But the idea of a Ferris wheel drawing tourists to Staten Island isn’t a new one. The very first Ferris wheel in the borough was constructed back in 1893, on the opposite shore in the old Midland Beach resort area.

Midland Beach and adjacent South Beach were Staten Island’s answer to Coney Island and Rockaway Beach, back in the era before any of those amusement centers were officially a part of New York. The Staten Island resort area got its wheel the same year that George Washington Gale Ferris Jr. installed his most notable wheel — and thus giving the amusement its name — at the World’s Columbian Exposition in Chicago.

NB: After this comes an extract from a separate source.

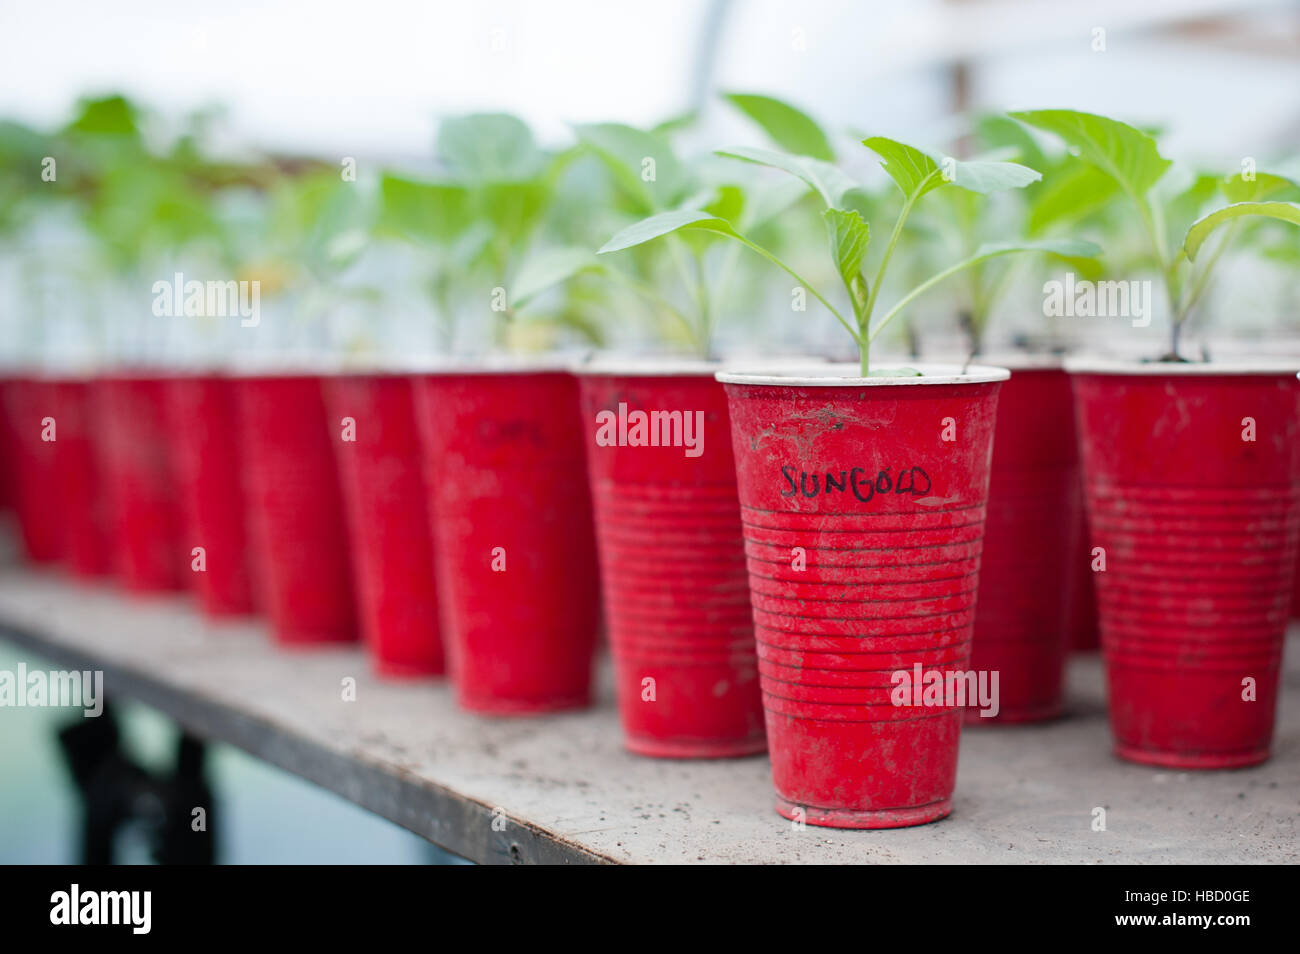 https://c8.alamy.com/comp/HBD0GE/rows-of-seedling-plants-in-red-plastic-cups-in-plant-nursery-HBD0GE.jpg

Staten Island’s ride — called an ‘observation roundabout’ — was built by Ferris’ rival William Somers after he was rejected a spot at the Chicago fair. It was probably similar to Somers over roundabouts built on Asbury Park and Rockaway Beach, of wooden construction, about 50 feet in diameter with approximately 16 passenger chambers. [Check out Norman Anderson’s history of Ferris wheels for more information.)

Thanks to Ferris and the fame of the Chicago World’s Fair, nobody was calling them roundabouts by the start of the 20th century. The Ferris wheel hovered over Midland’s rows of bathing pavilions and beer gardens along the boardwalk and was joined by the Happyland amusement park in 1906.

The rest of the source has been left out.